Cultivars such as Gara Kyungyshi, Novrasti, and Gara Khalili, which were located near the center of the graph, exhibited intermediate values for the studied parameters. Overall, the PCA results revealed that berry size and productivity-related traits formed one group, whereas mechanical resistance and transportability-related parameters formed another group. Furthermore, the absence of a completely consistent association between large-berried cultivars and cultivars characterized by high mechanical resistance indicated that these traits were not always strongly interconnected.

To distinguish similar and distinct samples and to group them based on the morphometric characteristics of bunches and berries, storage and transportability, and the mechanical and chemical parameters of bunches among 31 different table grape varieties studied, cluster analysis was applied, and Ward's method, which is based on the minimization of variance, was used to form the clusters (Figure 5). The dendrogram constructed using this method was divided into 3 main groups. According to the analysis, the first group includes 13 varieties, which in turn are divided into 2 clusters. Within the 9 varieties belonging to the first cluster, Kismish Sogdiana and Huseini were situated in a separate sub-cluster due to their high similarity across most of the studied traits. Among the 3 varieties localized in the second sub-cluster of this cluster (Gara kyurdashi, Gara Khalili, Gara khatyny), Gara kyurdashi was particularly distinguished by its higher values for the volume of 100 berries, mass of a single bunch, number of berries in a bunch, berry detachment force from pedicel, berry puncture resistance force, and berry crushing resistance force, thus positioning itself in a separate sister cluster.
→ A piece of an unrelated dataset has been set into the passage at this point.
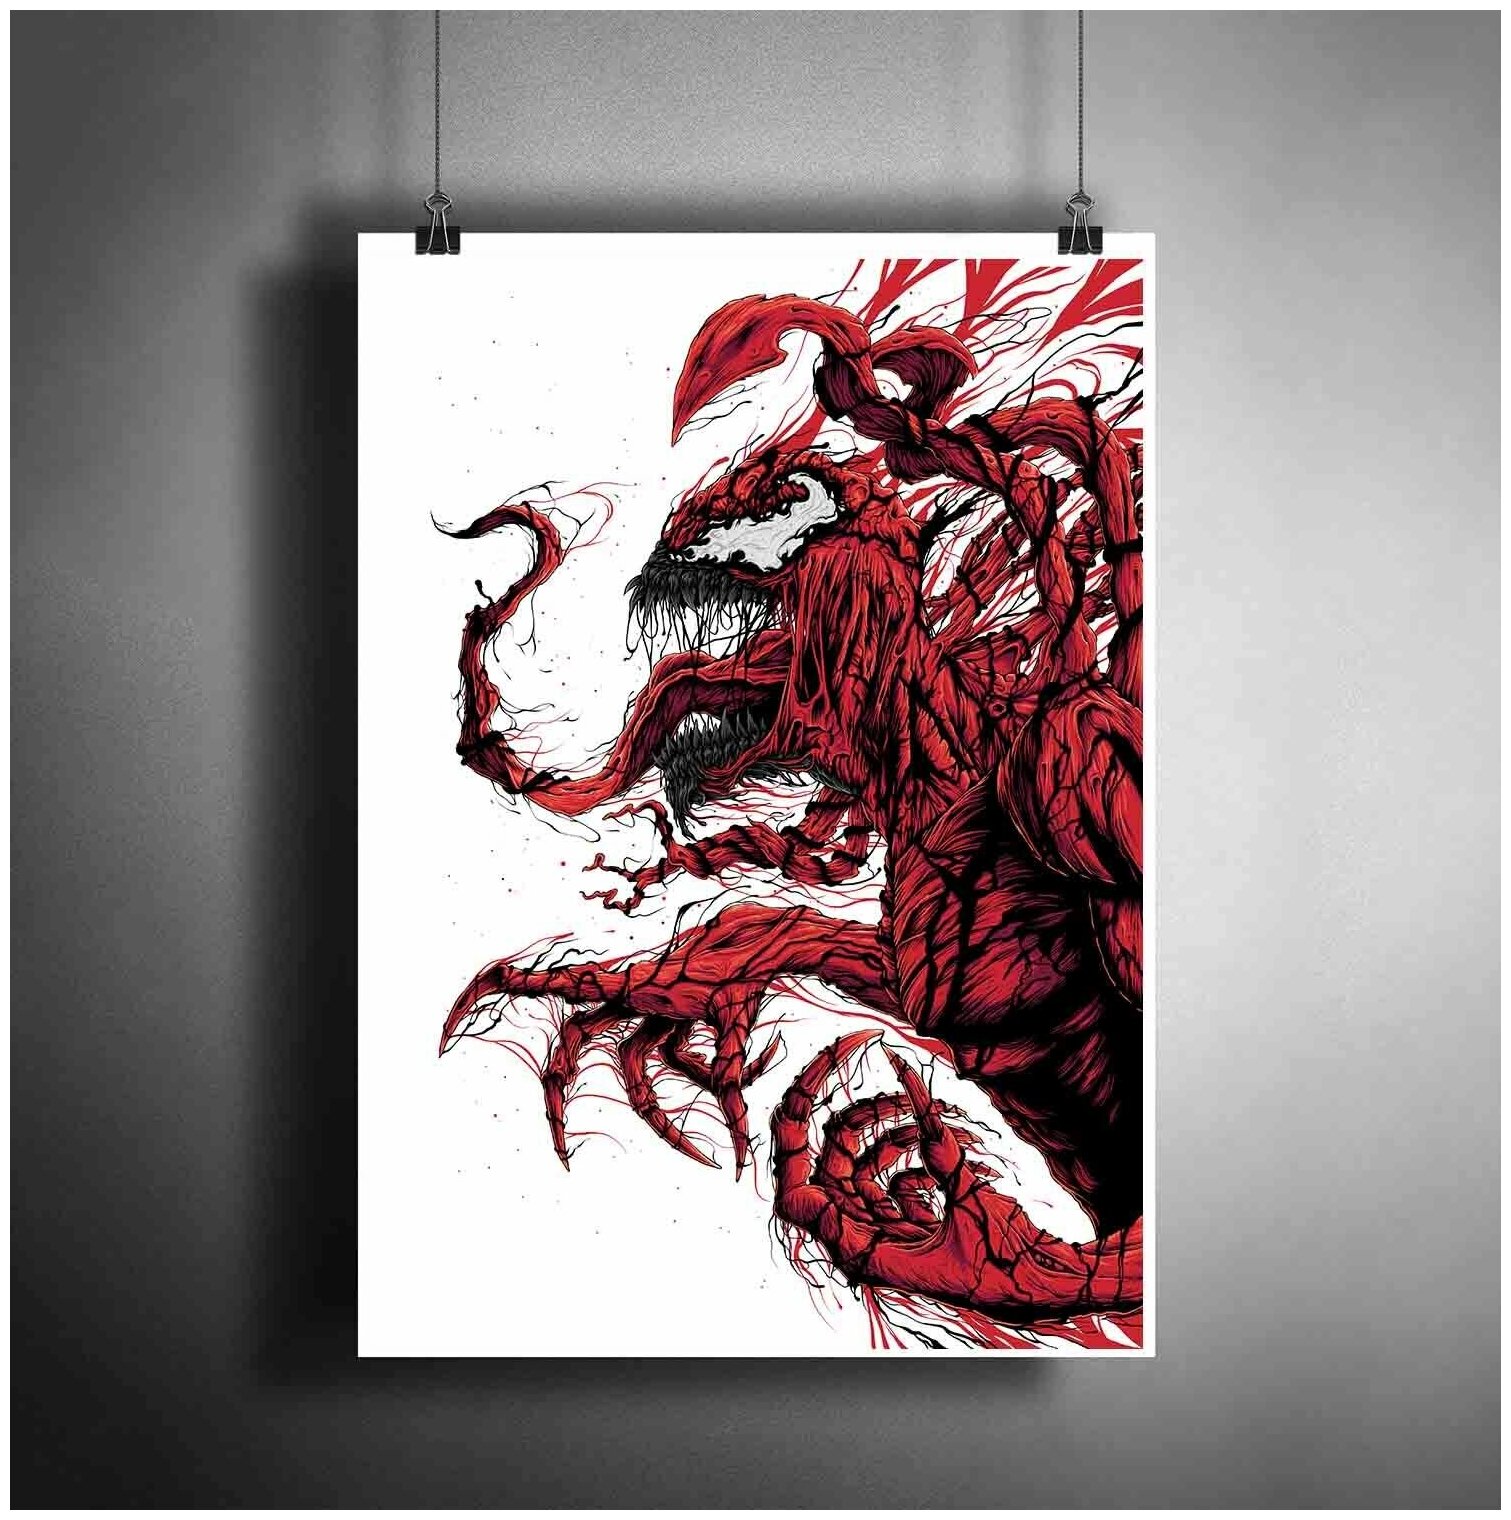 Постер плакат для интерьера "Веном. The Venom. Фильм"/ Декор дома, офиса. A3 (297 x 420 мм)
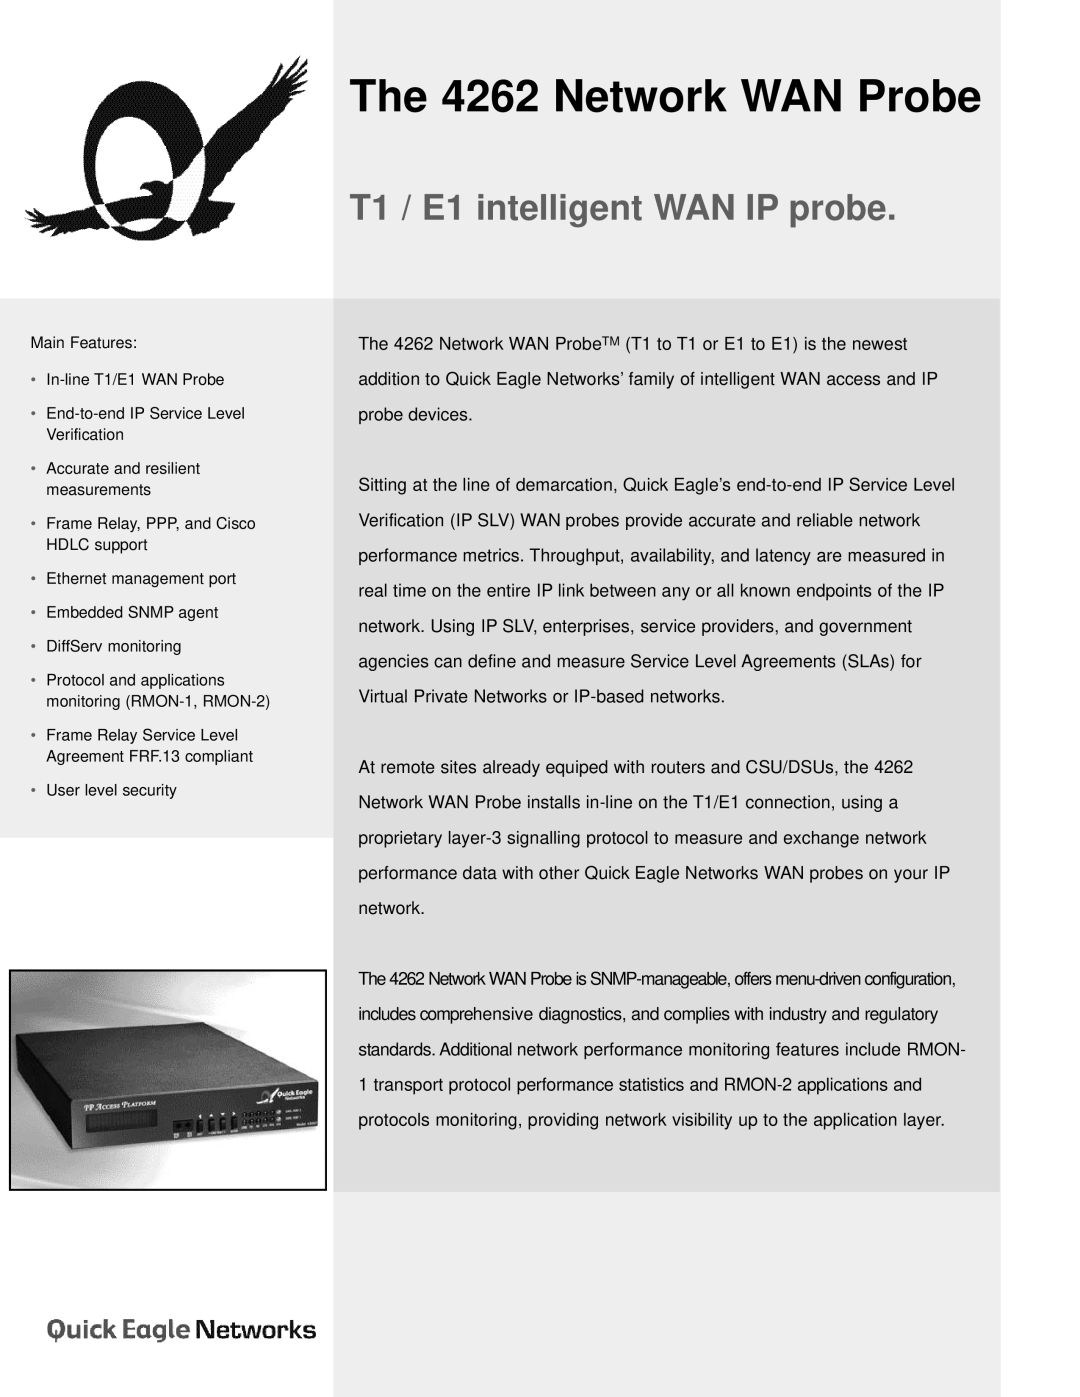 Quick Eagle Networks manual The 4262 Network WAN Probe, T1 / E1 intelligent WAN IP probe

The 4 varieties of the other sister cluster (Asgari, Gara kishmish, Ag oval kishmish, Chahrayi kishmish) were grouped together due to their close indicators across many traits, however, Asgari formed a separate sister cluster, as it excelled in the mass of a single bunch and berry crushing resistance force, while showing relatively lower values for sugar content, berry detachment force from pedicel, and berry puncture resistance force. The second cluster includes 4 samples (Yumru Kishmish, Gara pishraz, Agh Khalili, Shasla white), among which Yumru Kishmish formed a separate sub-cluster because it had lower values than the other varieties in almost all traits, yet demonstrated significantly higher results in terms of the mass of a single bunch and the number of berries per bunch.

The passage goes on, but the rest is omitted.